Orange Alert

Kishi Animashaun Ducre’s Biosketch

Kishi Animashaun Ducre

A scholar-activist, Professor Kishi Animashaun Ducre has been a faculty member in the Department of African American Studies since 2005. Before coming to A&S, she was an advocate for environmental justice for over two decades, including as a campaigner for Greenpeace.

Ducre combines experience born of the front lines of the environmental justice movement with academic training in geographic information systems and demography for a unique and gendered perspective on economic and environmental inequality.

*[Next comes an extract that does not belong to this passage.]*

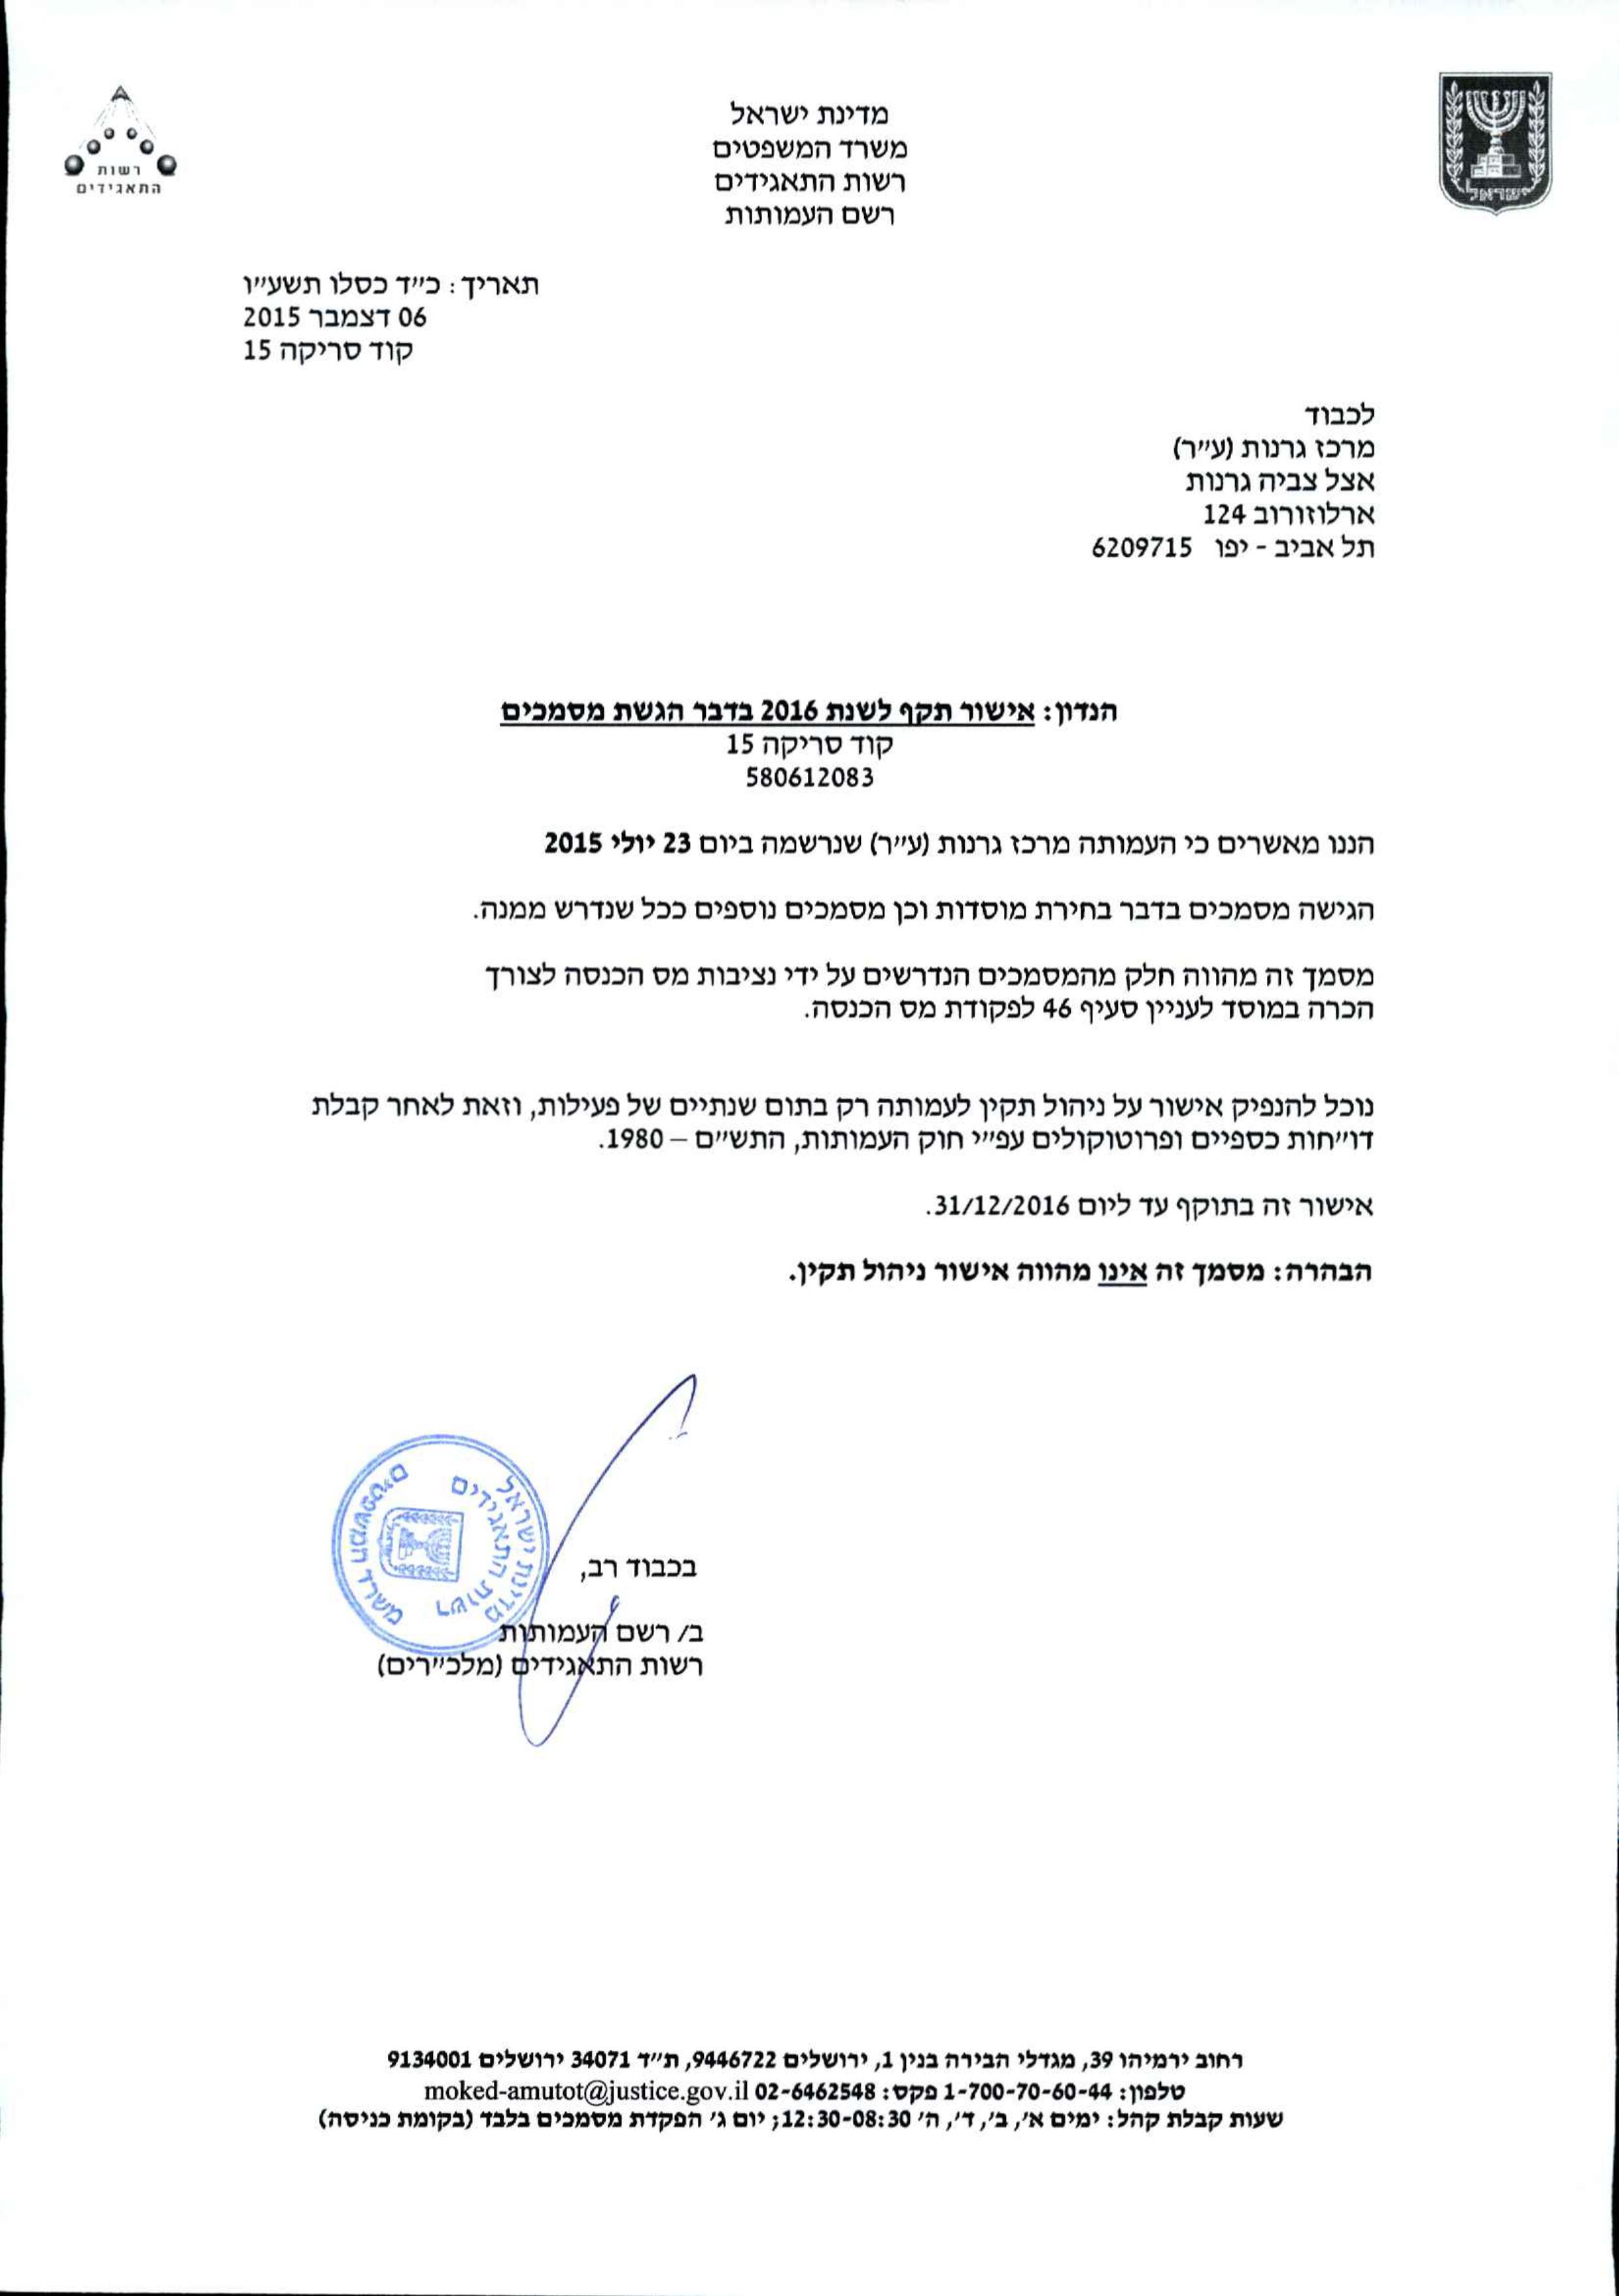 אישור הגשת מסמכים 2016

She has taught courses such as:

  • Environmental Justice
  • U.S. Racial Residential Segregation
  • Hurricane Katrina: Race, Class, Gender & Disaster
  • African American Foodways
  • Research Methods
  • Feminist Epistemologies

Ducre has written and co-edited books about justice and curated photography exhibitions based upon community-based arts research known as Photovoice, a qualitative methodology used in her book, “A Place We Call Home: Race, Gender, and Justice in Syracuse” (SU Press, 2012).

Her teaching philosophy is based on Paulo Freire’s concept of liberatory pedagogy—knowledge as a form of empowerment.

Ducre was named Associate Dean for Diversity and Inclusion by Dean Karin Ruhlandt in 2018.